Sorprende, en efecto, que un tema que afecta a la sanidad interior, al transporte y a otras importantes competencias autonómicas, sólo dos Comunidades se personaran en el procedimiento de elaboración. Aunque sí es cierto que el tema había pasado por el Consejo Interterritorial del Sistema Nacional de Salud. Por cierto, como lo había hecho también, el 14 de marzo de 2007, un malhadado reglamento independiente sobre el mismo asunto, que luego fue retirado de la circulación ante sus numerosas sospechas de inconstitucionalidad.

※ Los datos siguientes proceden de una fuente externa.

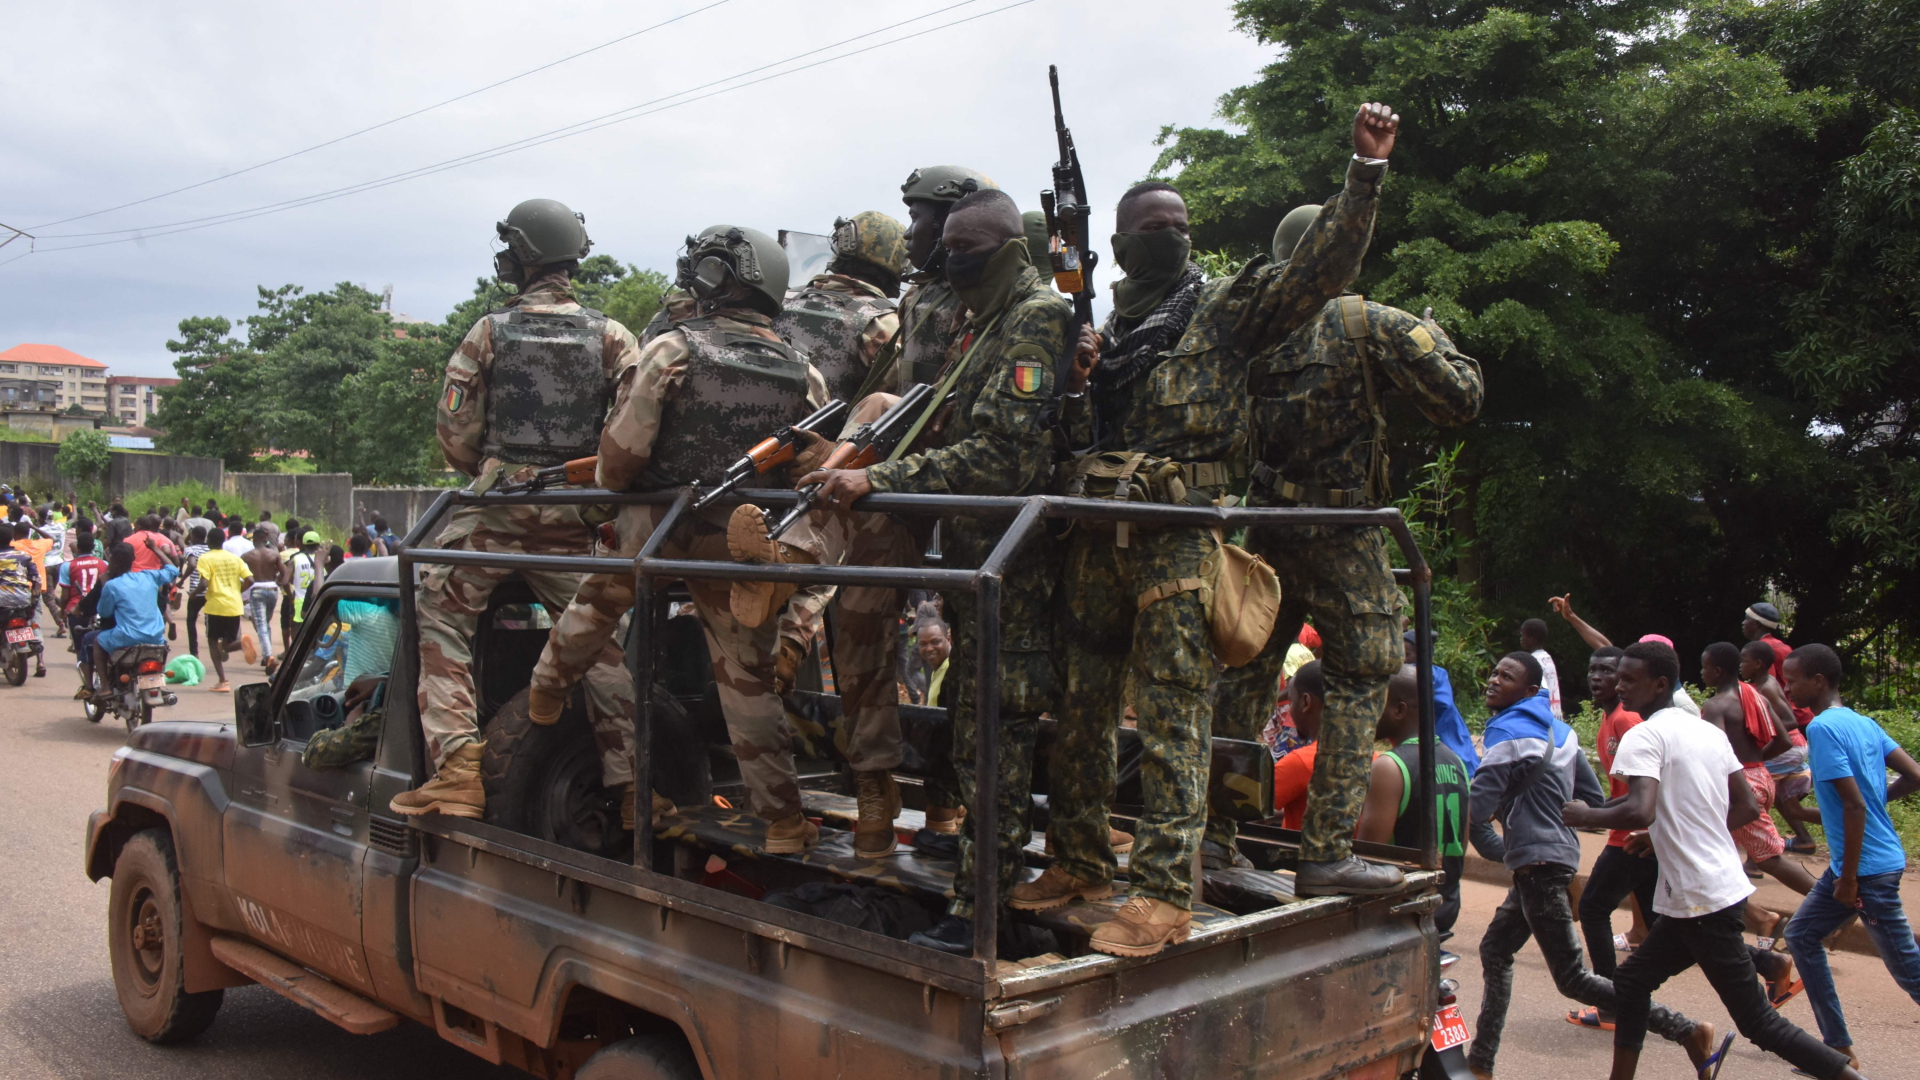 Soldaten feiern nach dem Putsch in Guinea | AFP

Aún es más sorprendente que de los más de ocho mil municipios, todos con competencias en la materia, conforme a los artículos 26 de la Ley básica de Régimen Local y 42 de la General de Sanidad, sólo uno se acercara a la Administración central para saber en qué le podían afectar los cambios en un ámbito en el que –como dice la sí vigente Ley 33/2011, de 4 de octubre, General de Salud Pública- sí cabe exigir declaración responsable o comunicación previa de inicio de actividad (artículo 29.2).

En cuanto a las “4 asociaciones del sector, una empresa funeraria y 3 observaciones de particulares”, ¿qué decir? Pues que el reclamo, aunque cumpliera los mínimos legales, fue poco eficaz y que, por lo que pude comprobar en una reciente convención celebrada en Sevilla, muy pocos profesionales funerarios –algunos de gran pujanza- llegaron a enterarse de la posibilidad de decir algo en la tramitación. A la media docena de personas que me consta que son buenas conocedoras de la materia, no se les inquirió nada y, lógicamente, tampoco iban a mandar filantrópicamente sus aportaciones, cuando nadie les había dado vela en este entierro.

Es cierto que el desinterés también pudo deberse a que siempre se intuyó que ésta, como otras iniciativas, se iba a quedar por el camino ante las sospechas de una disolución anticipada de las Cortes. Y así fue: al mes de aprobarse el proyecto de ley, el Presidente del Gobierno ya anunció la fecha del 20-N para las elecciones generales.

La segunda patología de la Memoria de la que quiero dar cuenta es más grave por lo que entraña de desconocimiento de lo que se maneja. Al referirse a las vigencias supérstites, si hubiera entrado en vigor el texto, se dice textualmente: “no se deroga la normativa que específicamente el reglamento [de Policía Sanitaria Mortuoria de 1974] considera vigente en materia de cementerios. En concreto (…) la Orden de 31 de octubre de 1938, sobre enterramientos en templos o criptas”. Para que tal cosa fuera cierta, la Constitución de 1978 no debería tener disposición derogatoria; España sería aún un Estado confesional y no se habrían superado las discriminaciones entre vencedores y vencidos en la Guerra Civil. La citada disposición que se declara subsistente, prevé, entre otras perlas, que para acceder al enterramiento en templos o criptas, debe darse un donativo a la Iglesia Católica; aportación que se destinará a la reconstrucción de los edificios religiosos destruidos por los rojos. Como suena. Tanta Ley de Memoria Histórica y aún, en otra Memoria, se escapan gazapos salidos del mismísimo Valle de Cuelgamuros.